| Given entries |

════

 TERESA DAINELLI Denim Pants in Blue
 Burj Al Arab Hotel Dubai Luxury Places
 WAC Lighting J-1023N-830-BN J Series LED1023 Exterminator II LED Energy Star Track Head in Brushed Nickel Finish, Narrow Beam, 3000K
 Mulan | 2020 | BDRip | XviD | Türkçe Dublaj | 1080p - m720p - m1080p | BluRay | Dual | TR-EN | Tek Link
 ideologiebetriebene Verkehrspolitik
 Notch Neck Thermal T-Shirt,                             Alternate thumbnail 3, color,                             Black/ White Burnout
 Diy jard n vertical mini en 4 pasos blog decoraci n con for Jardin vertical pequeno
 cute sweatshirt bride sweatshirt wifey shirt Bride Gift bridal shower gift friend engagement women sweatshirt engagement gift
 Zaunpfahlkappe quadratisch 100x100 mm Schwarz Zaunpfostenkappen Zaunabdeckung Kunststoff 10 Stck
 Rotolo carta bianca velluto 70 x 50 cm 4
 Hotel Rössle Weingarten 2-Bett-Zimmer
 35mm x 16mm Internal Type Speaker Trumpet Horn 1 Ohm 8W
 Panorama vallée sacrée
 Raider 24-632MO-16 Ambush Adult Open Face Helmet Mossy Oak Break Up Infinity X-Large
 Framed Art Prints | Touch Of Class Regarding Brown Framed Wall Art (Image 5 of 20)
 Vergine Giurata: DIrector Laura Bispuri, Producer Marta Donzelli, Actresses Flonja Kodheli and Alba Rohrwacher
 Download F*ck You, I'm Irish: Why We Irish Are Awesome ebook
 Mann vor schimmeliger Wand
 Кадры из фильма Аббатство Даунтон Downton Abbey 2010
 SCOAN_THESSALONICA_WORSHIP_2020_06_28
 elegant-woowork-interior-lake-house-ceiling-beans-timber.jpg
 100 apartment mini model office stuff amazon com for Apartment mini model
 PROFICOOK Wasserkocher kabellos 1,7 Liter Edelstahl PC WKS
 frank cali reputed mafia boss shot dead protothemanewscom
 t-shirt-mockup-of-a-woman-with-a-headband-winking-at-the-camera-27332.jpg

════

| Task to complete |
The required output is the line holding "elegant-woowork-interior-lake-house-ceiling-beans-timber.jpg" plus every line after it in the data, reproduced exactly.

| Answer below |
 elegant-woowork-interior-lake-house-ceiling-beans-timber.jpg
 100 apartment mini model office stuff amazon com for Apartment mini model
 PROFICOOK Wasserkocher kabellos 1,7 Liter Edelstahl PC WKS
 frank cali reputed mafia boss shot dead protothemanewscom
 t-shirt-mockup-of-a-woman-with-a-headband-winking-at-the-camera-27332.jpg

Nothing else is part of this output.